Initial jobless claims dropped by 23,000 to 359,000, significantly more than the 4,000 drop that had been expected. The final read on second-quarter gross domestic product showed growth of 1.3%, weaker than an expected 1.7%.
August durable goods tumbled 13.2%, much more than the 5% drop expected. Pending home sales fell 2.6% in August, compared with expectations for flat growth, due to a shortage of lower-priced inventory in most of the country.
The euro strengthened against the US dollar after Spain announced its fifth austerity package, adding to speculation that it will meet the requirements for a European financial bailout to contain its debt crisis.

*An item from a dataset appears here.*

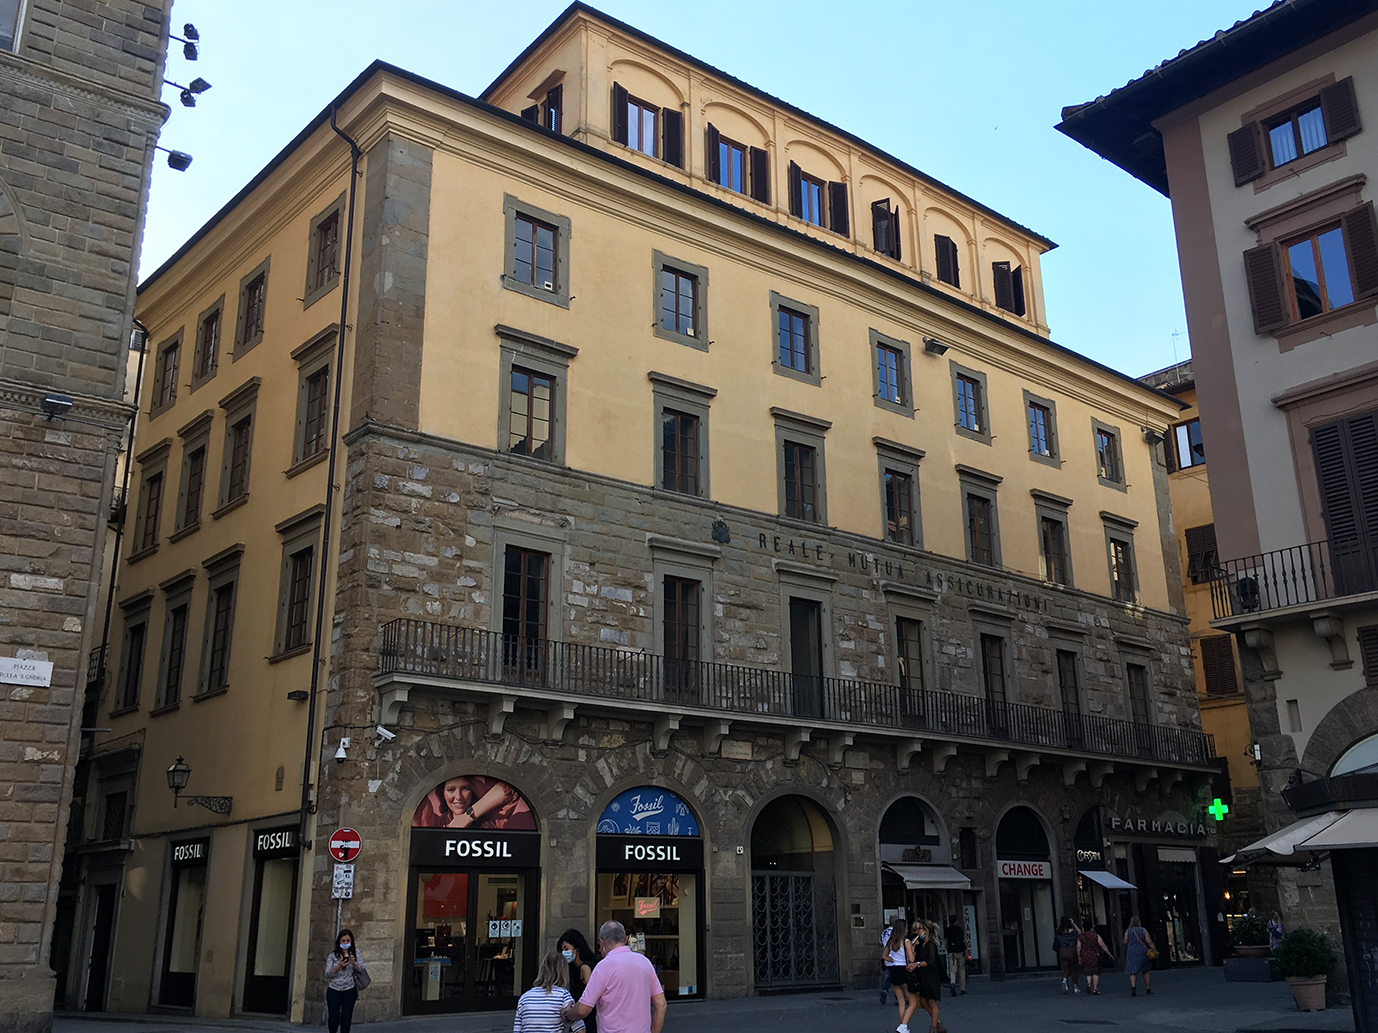 Farmacia Molteni (farmacia, pubblica) - Firenze (FI) 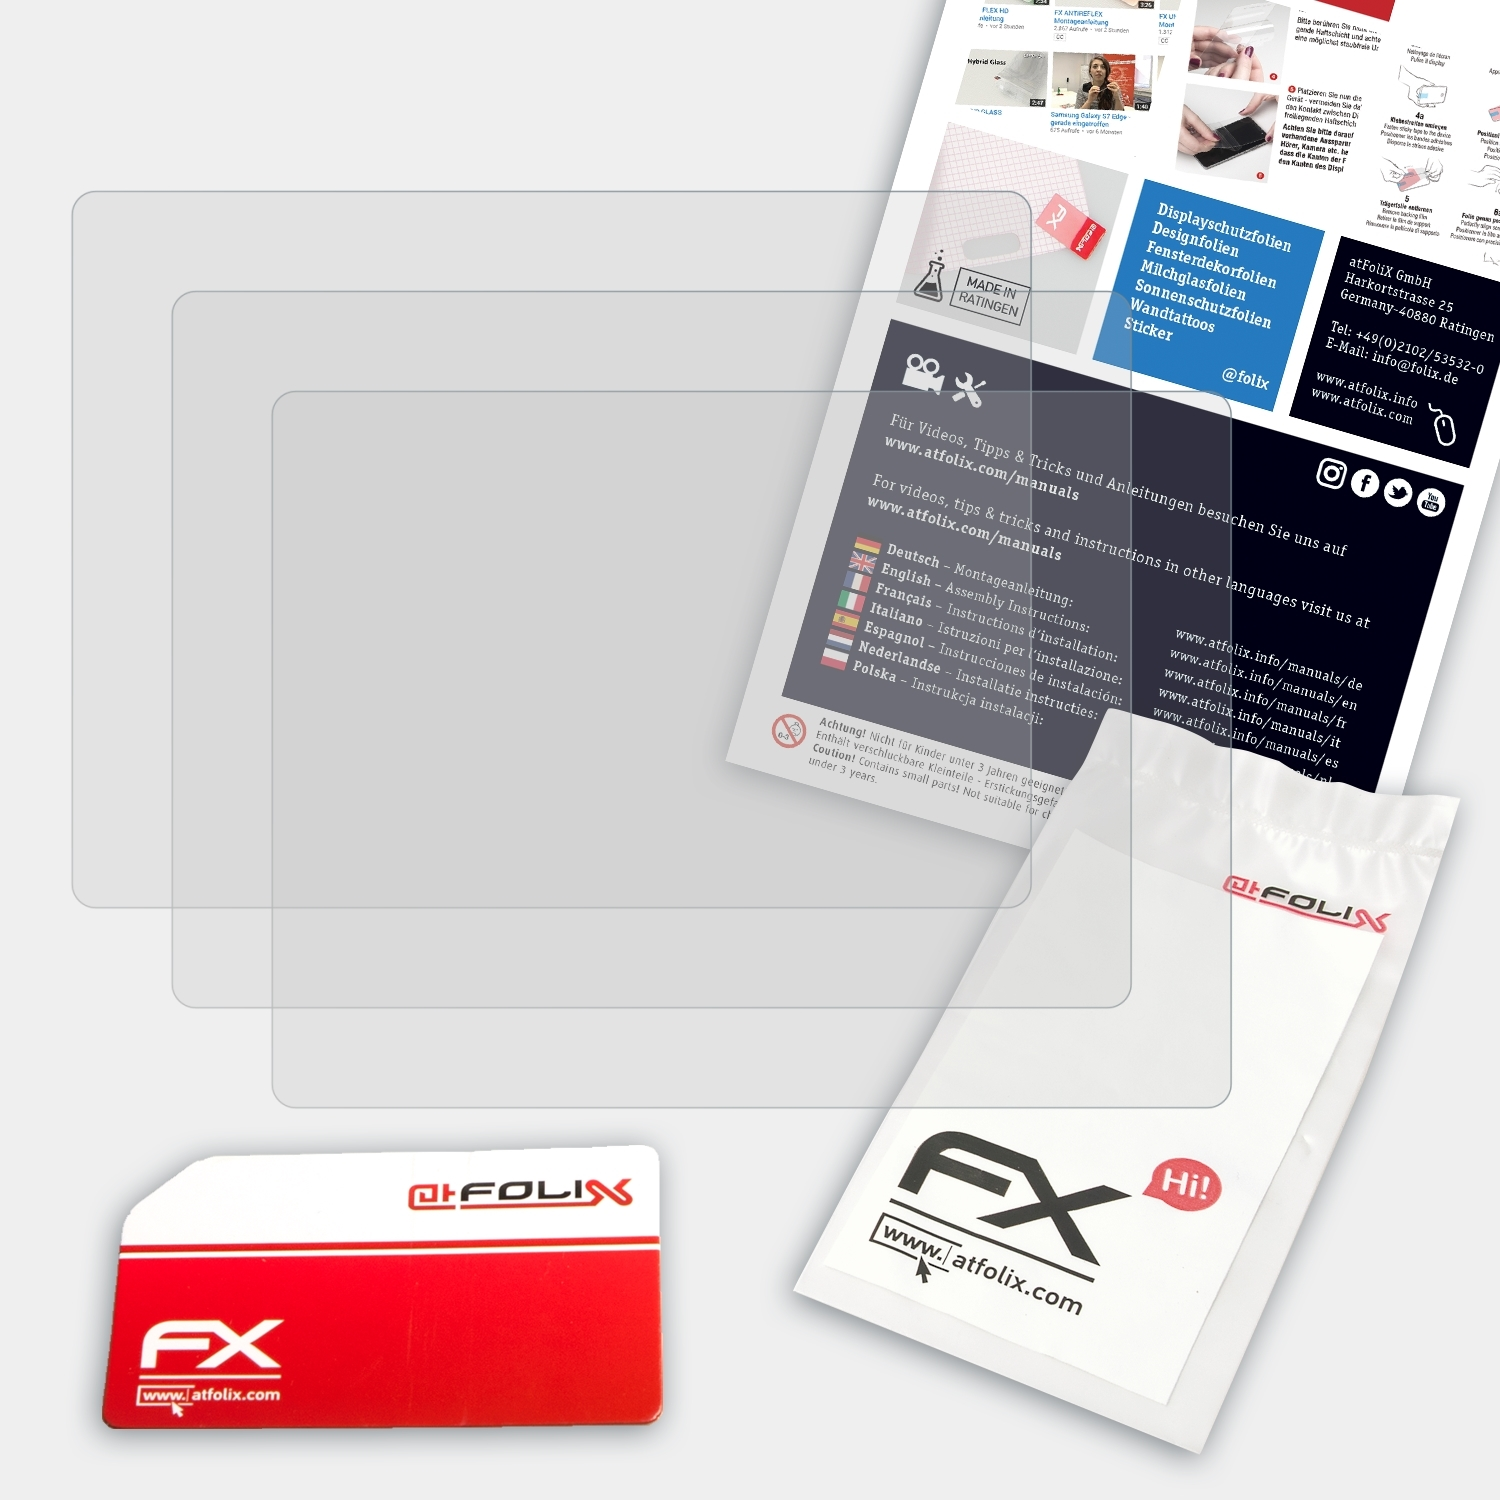 FX-Antireflex Panasonic 3x Lumix Displayschutz(für DMC-TZ6) ATFOLIX

Gold climbed to a record priced in euros and Swiss francs on concern that central banks’ moves to boost economies will devalue currencies, spurring demand for the metal as an alternative investment.
Oil advanced the most in eight weeks on the possibility China’s government will bolster stimulus efforts and as Spain approved a 2013 austerity budget.
Crude oil for November delivery rose $1.87 to settle at $91.85 a barrel on the NYMEX, the biggest gain since 3 August. Today’s session will bring us data in the form of private sector credit, at 11:30am, AEST.